Ma Gesù che fa? Li ignora, ovviamente; non dà una risposta diretta, ma approfitta dell'occasione per darci due insegnamenti forti.
Il primo insegnamento: per parlare e discutere di ciò che succederà nell’al di là, dopo la morte, non possiamo utilizzare le stesse categorie mentali con cui ci esprimiamo in questo mondo. Tutte le nostre previsioni non sono altro che ipotesi, allusioni, parabole, immagini. I Sadducei non fanno altro che questo: trasferire immagini note, tratte da questa vita terrena, adattandole al mondo che verrà. Del resto ogni religione fa esattamente così quando intende descrivere la vita dopo la morte: immagini di fuoco, latte e miele che scorrono, pascoli erbosi, luce sfavillante, verdi prati, non sono altro che idee tratte dal patrimonio comune della nostra esistenza attuale. Voler descrivere quello che succederà nella vita futura è impossibile, perché ancora non abbiamo alcuna esperienza in proposito: è come se un bimbo ancora nel grembo materno, volesse descrivere il volto della mamma, la fredda lucentezza di un’aurora, la calda evanescenza di un tramonto marino.

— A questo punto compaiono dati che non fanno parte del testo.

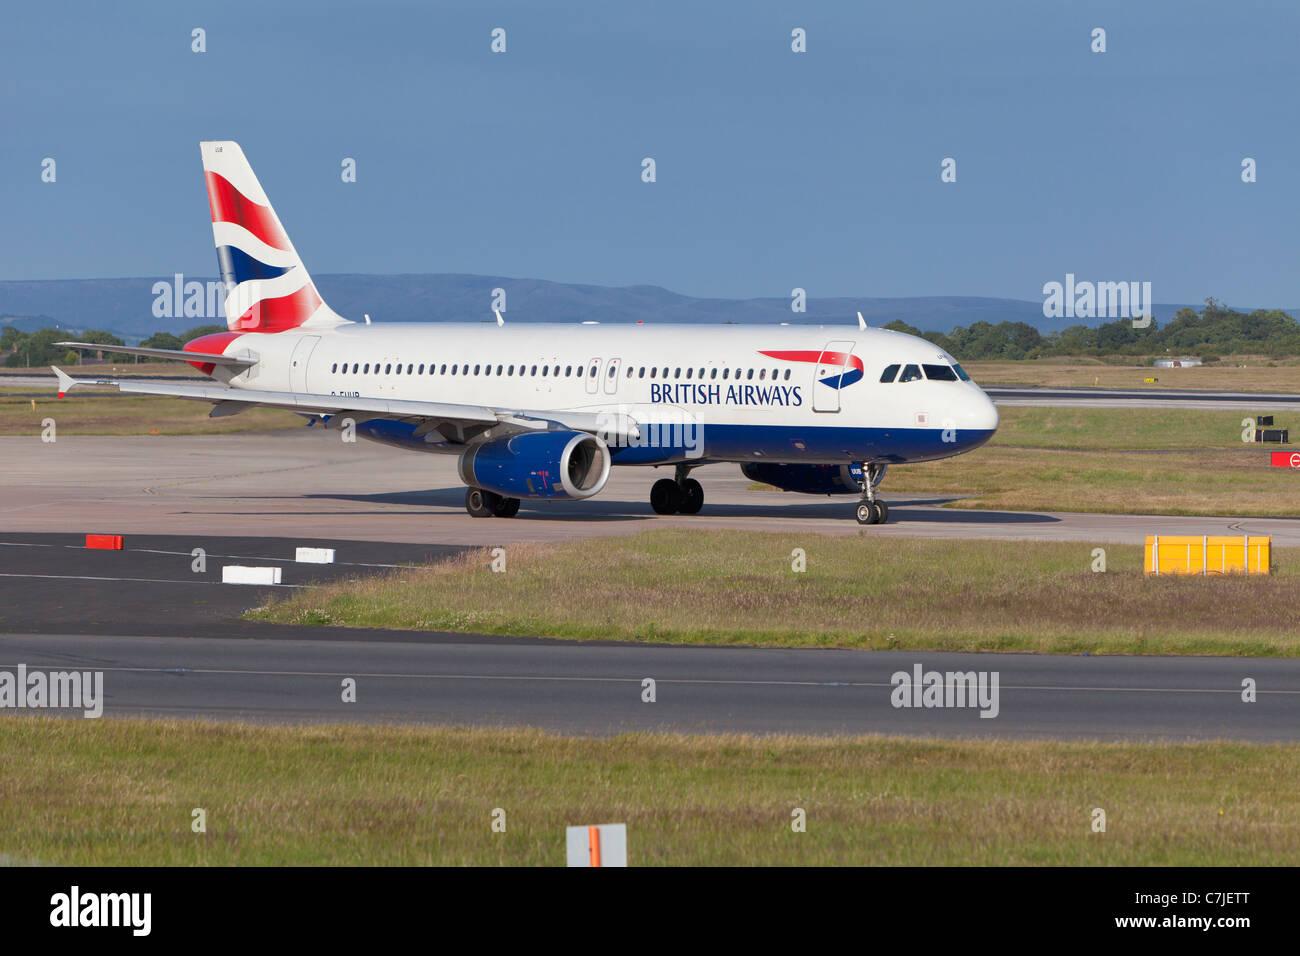 A BA aircraft, England - Stock Image

Noi non sappiamo come sarà l'aldilà. Abbiamo dei presentimenti, delle intuizioni, dei segnali, delle tracce: immagini come il “tunnel del grande passaggio”; il fuoco dell'inferno; gli angeli con le ali; i diavoli con le corna; Adamo, Eva, il giardino dell'Eden; i tormenti del fuoco; il paradiso, il purgatorio e l’inferno e quant'altro, non sono che dei tentativi, delle previsioni che veicoliamo dalla nostra fede, dai testi sacri, dalla letteratura cristiana; immagini che ci producono delle emozioni, che ci rappresentano situazioni “celestiali”, è vero, ma che non ci dicono assolutamente nulla di come sarà realmente l’aldilà.

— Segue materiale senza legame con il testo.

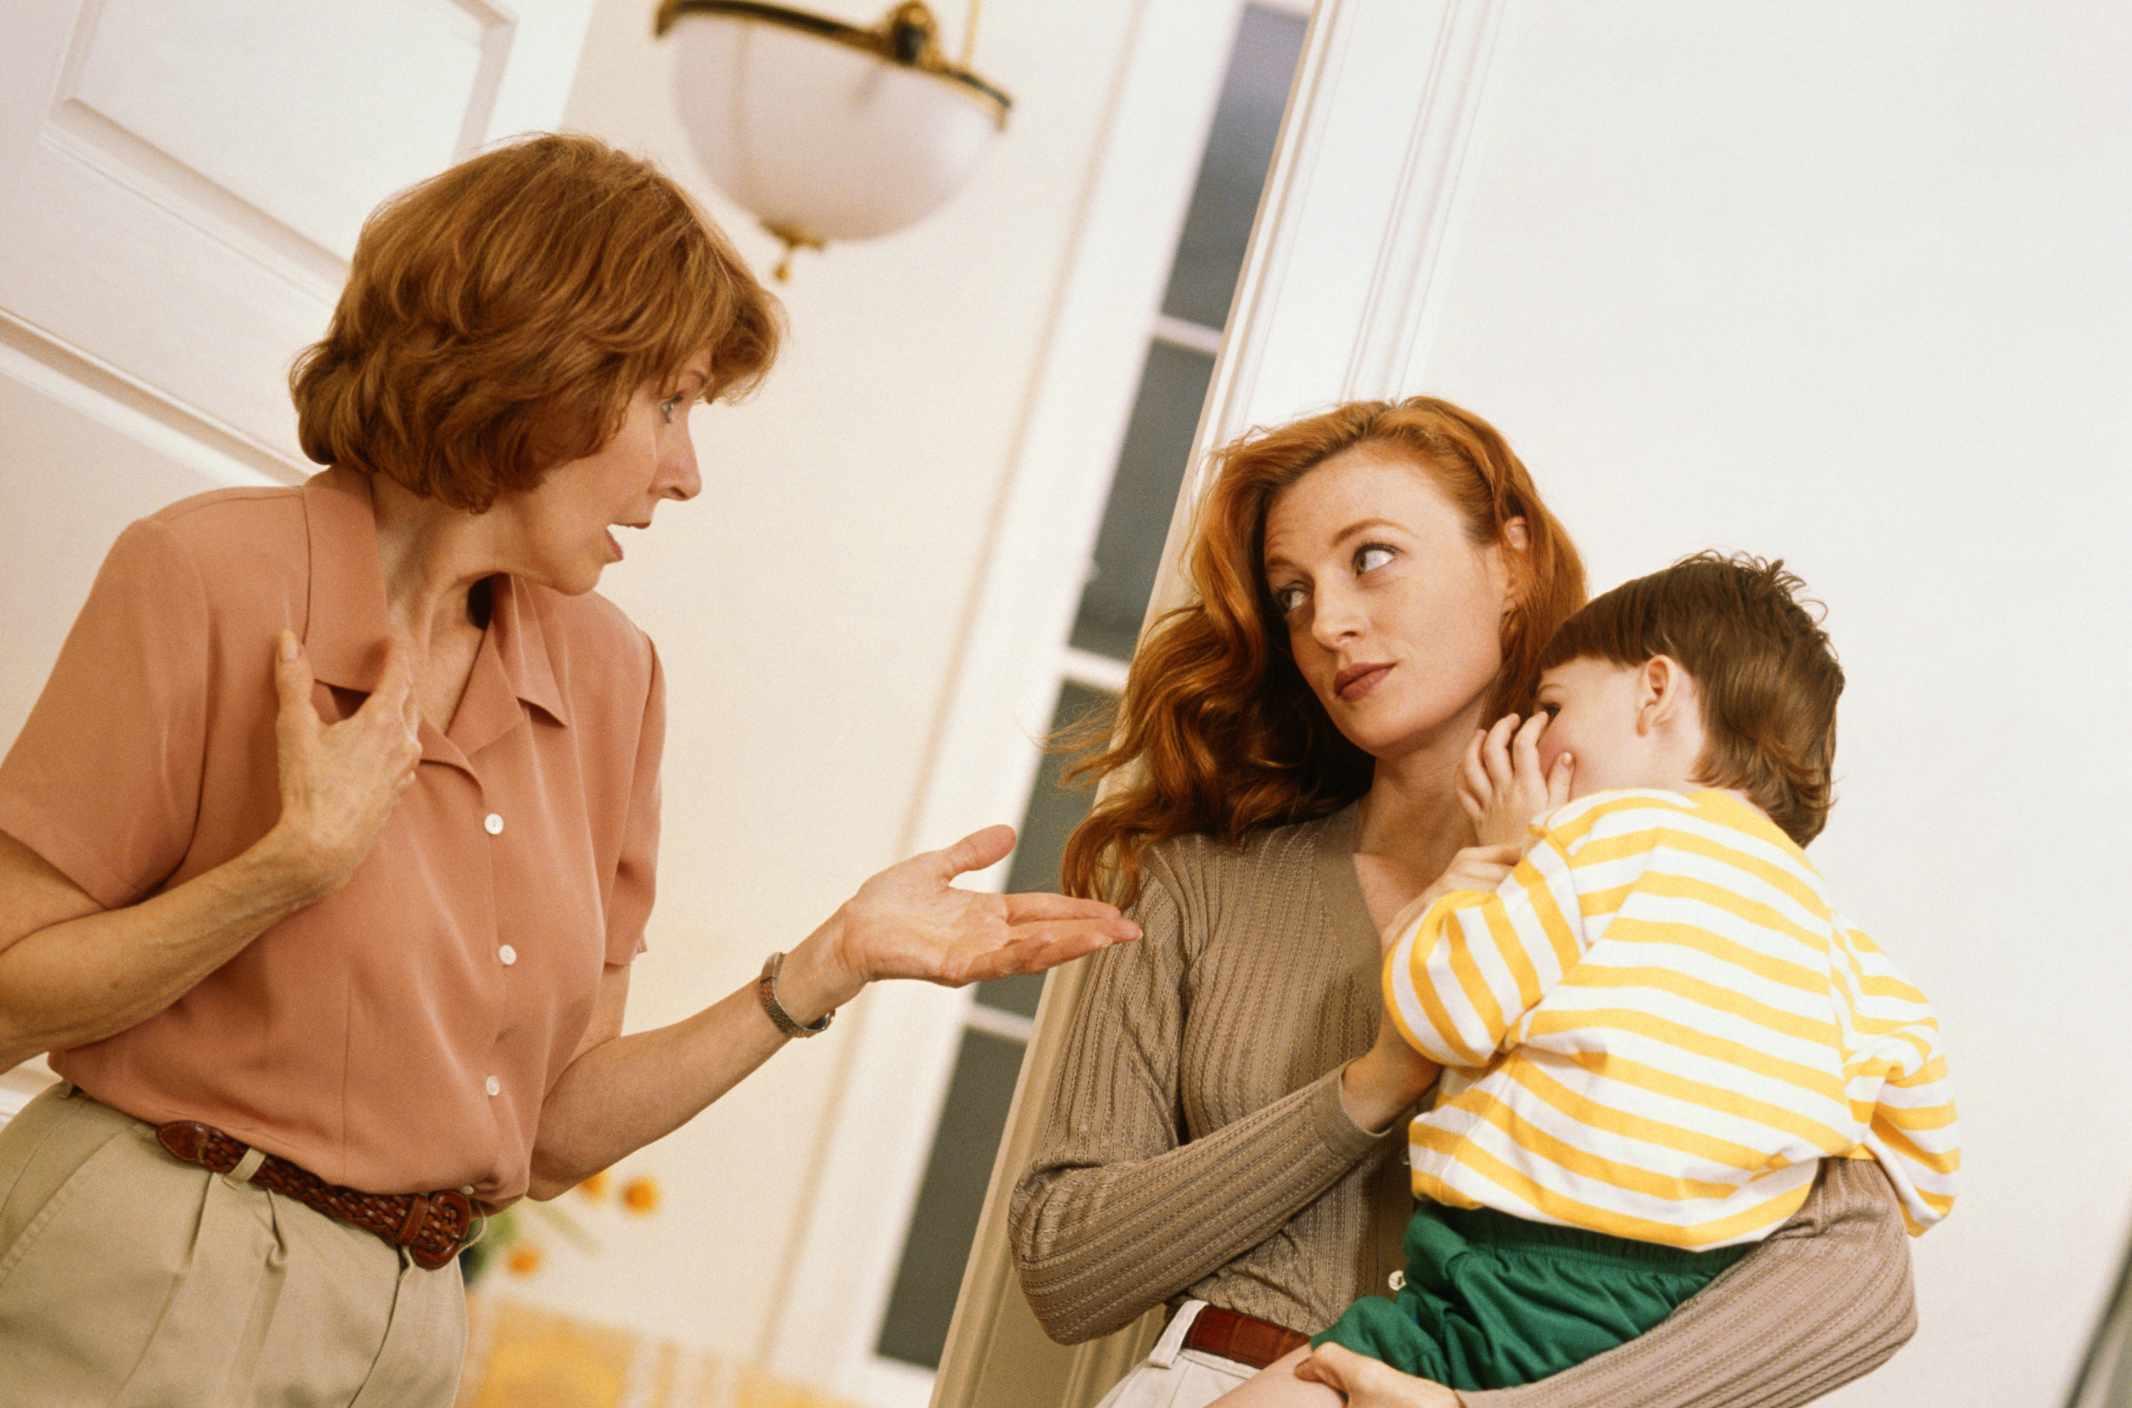 Grandmother judging daughter's parenting

Forse un’idea più realistica la possiamo trarre dall’amore: quando siamo veramente innamorati, ci sembra infatti di vivere l'eterno, l'infinito; quando qualcuno ci ama ci sentiamo immortali, eterni, senza fine, immersi in una situazione di totale appagamento, da cui nessuno potrà mai staccarci. Ecco, l’incontro con l’amore di Dio, nella risurrezione dopo la morte, sarà sicuramente così; anzi, sarà così, ma sarà anche tutt’altra cosa; sarà una cosa ancora più avvincente, ancora più estasiante; vivremo una situazione indescrivibile, inimmaginabile, perché priva in assoluto di alcun termine di paragone.
La curiosità di sapere ad ogni costo come sarà la fine dei tempi, come sarà la vita oltre la morte, quale sarà il destino delle anime, è spesso di origine morbosa: ci rifugiamo nel futuro perché non sappiamo vivere bene il presente. Siamo insicuri, scontenti, in ansia costante. Basterebbe invece non dimenticare mai una cosa sola: che noi siamo figli di Dio, che siamo figli della Resurrezione, i prediletti, gli amati, i riscattati da Cristo.
Se veramente siamo certi di questo, di che altro dobbiamo preoccuparci? Dove sono ancora le nostre angosce? Mettiamoci nelle mani di Dio e, non temendo il futuro, vivremo bene anche il presente.
“Dio non è il Signore dei morti, ma dei vivi; tutti devono vivere per lui e in lui”. È il secondo insegnamento di oggi: quindi neppure la morte può spezzare questa realtà, questo legame d’amicizia, di amore, di speranza; Dio stesso non si sottrarrà mai a questo rapporto, perché lui è il Fedele. Avere fede nella resurrezione, significa appoggiarsi a questa fedeltà, alla Sua fedeltà; perché Dio è colui che non abbandona. Ogni giorno possiamo sperimentare che Lui è il Fedele: anche se sbagliamo, anche se ci allontaniamo da Lui, anche se in certi giorni non accettiamo quanto Lui ci propone, anche se spesso gli siamo infedeli e lo tradiamo, Lui rimane fedele. Lui è una roccia, Lui è il granito; Lui è la mano che non si stacca mai da noi, che non se ne va, che ci tiene forte, che non ci lascia.
Non sapremo ancora con esattezza cosa voglia dire resurrezione, ma sappiamo che Lui è Vita, è Amicizia, è Amore; è Colui che non abbandona mai chi lo ama.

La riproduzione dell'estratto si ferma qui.